[MATERIALS PROVIDED — start]
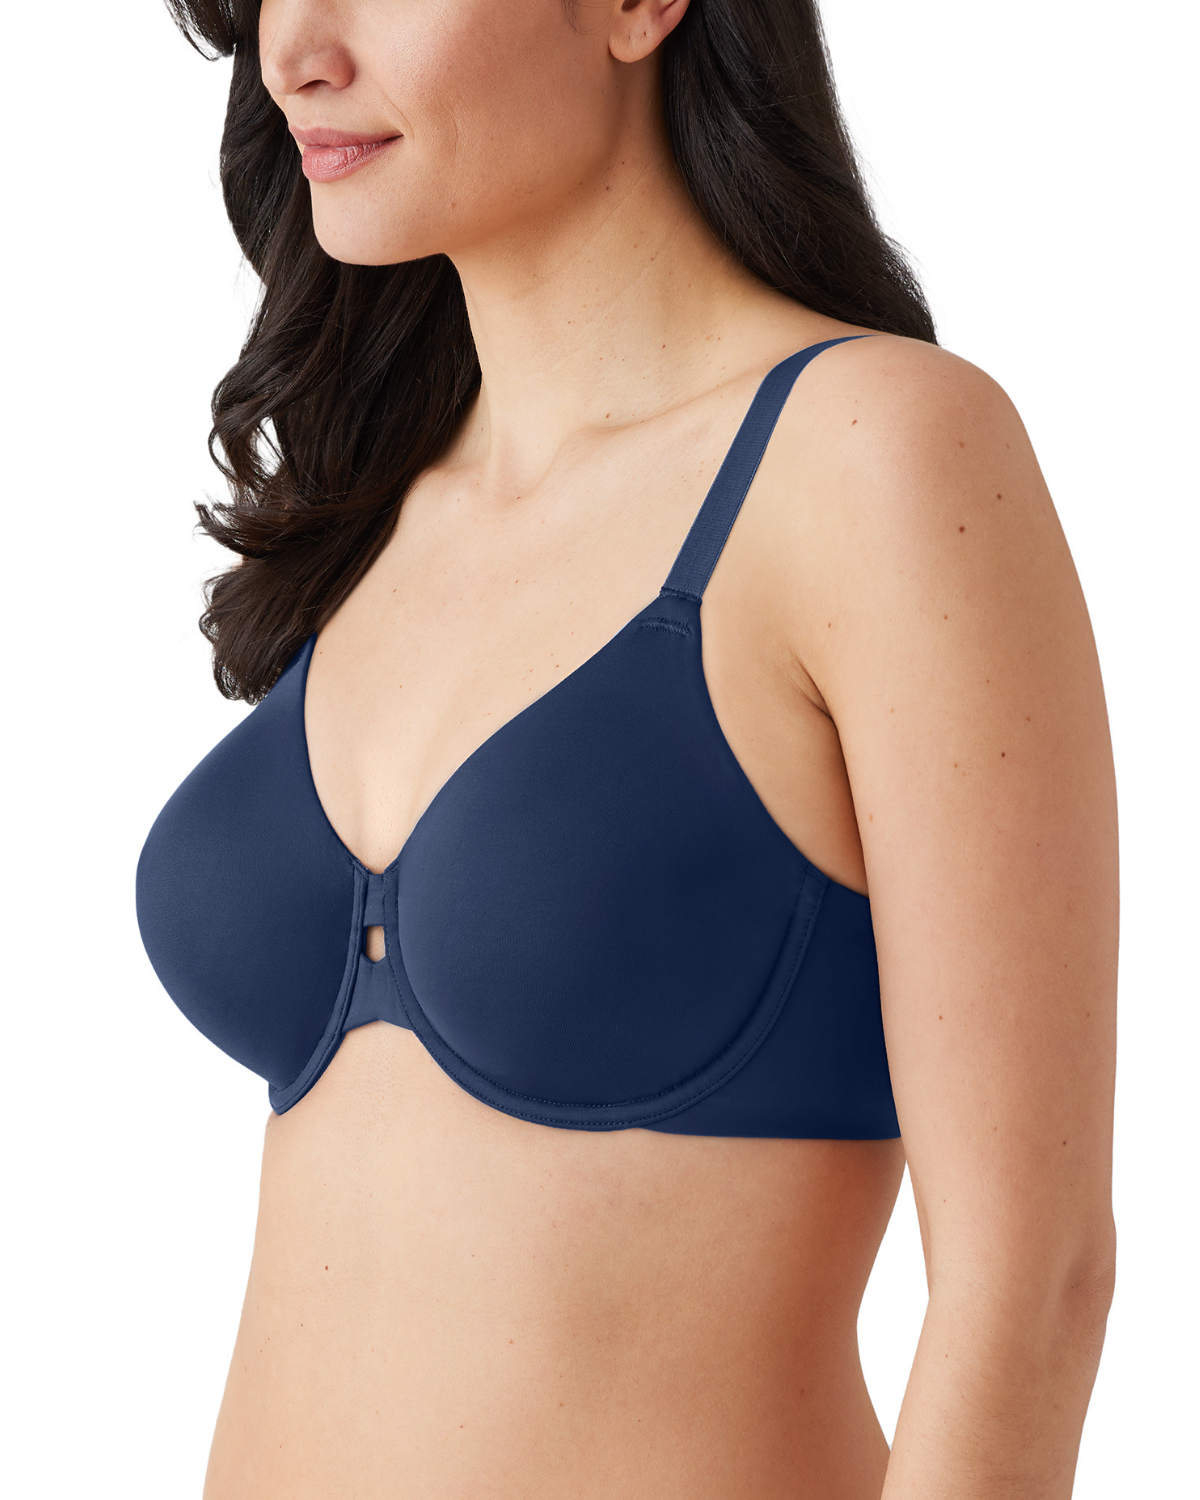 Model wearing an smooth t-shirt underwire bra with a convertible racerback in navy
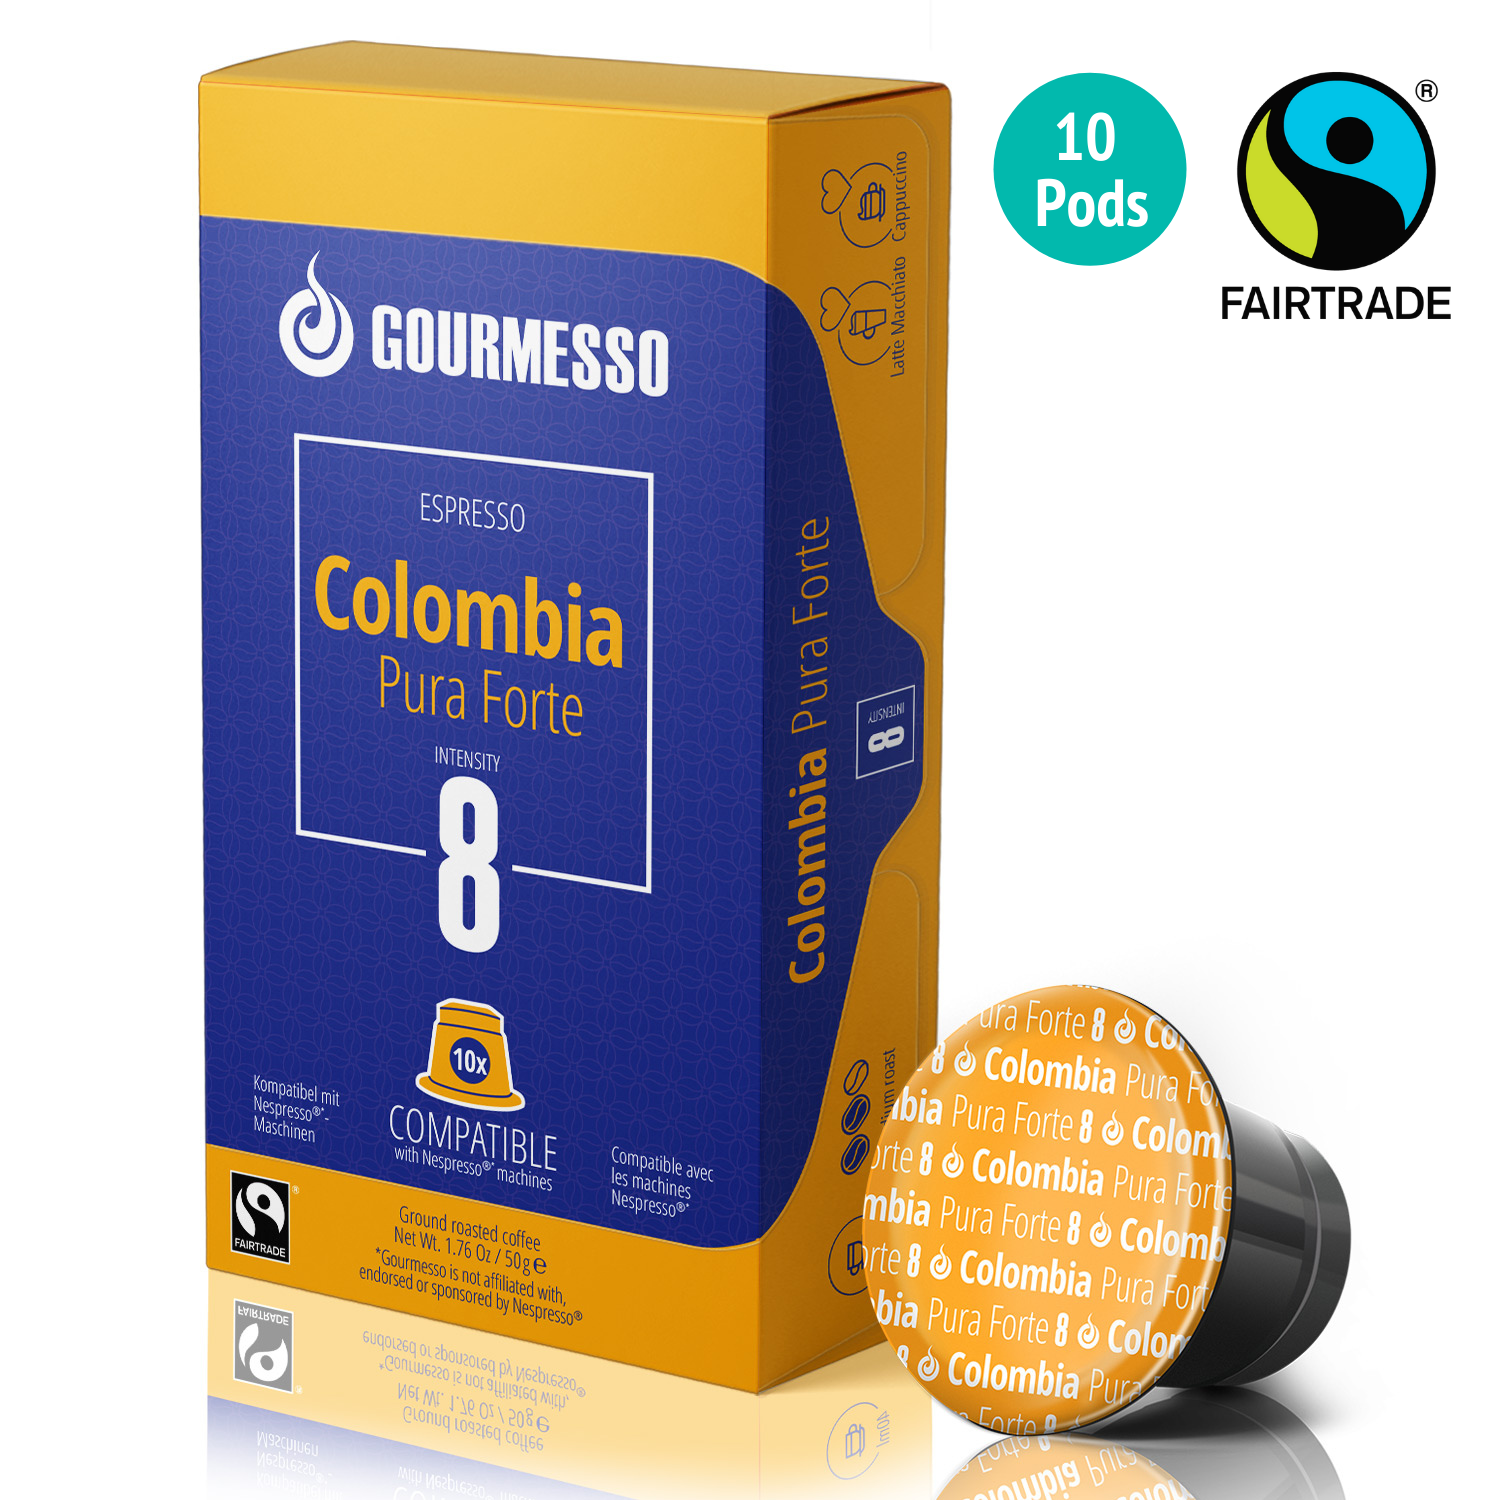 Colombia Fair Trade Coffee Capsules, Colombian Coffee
[MATERIALS PROVIDED — finish]
[MATERIALS PROVIDED — start]
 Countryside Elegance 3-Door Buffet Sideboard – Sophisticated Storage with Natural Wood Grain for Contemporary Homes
[MATERIALS PROVIDED — finish]
[MATERIALS PROVIDED — start]
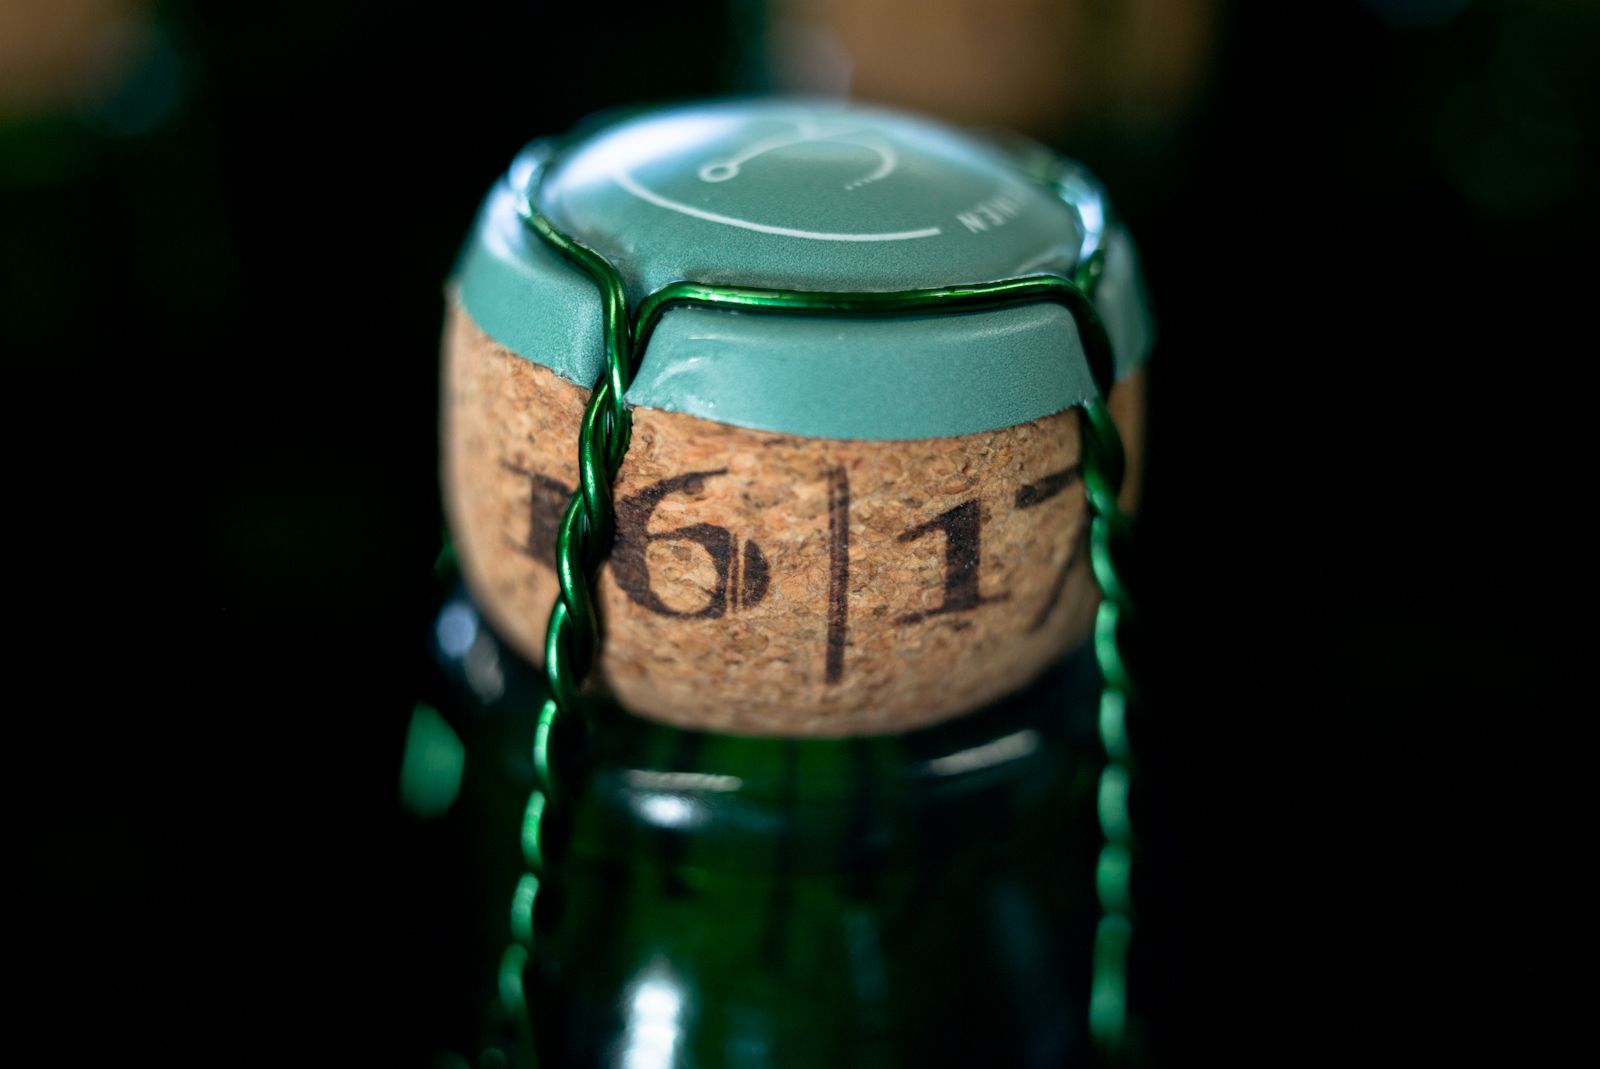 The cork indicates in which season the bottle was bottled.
[MATERIALS PROVIDED — finish]
EXERCISE PROMPT
Within the listing above, copy exactly the lines that start at the one with "Model wearing an" and continue through the one with "Colombia Fair Trade". Omit pictures.

RESPONSE TO THIS TASK
 Model wearing an smooth t-shirt underwire bra with a convertible racerback in navy
 Colombia Fair Trade Coffee Capsules, Colombian Coffee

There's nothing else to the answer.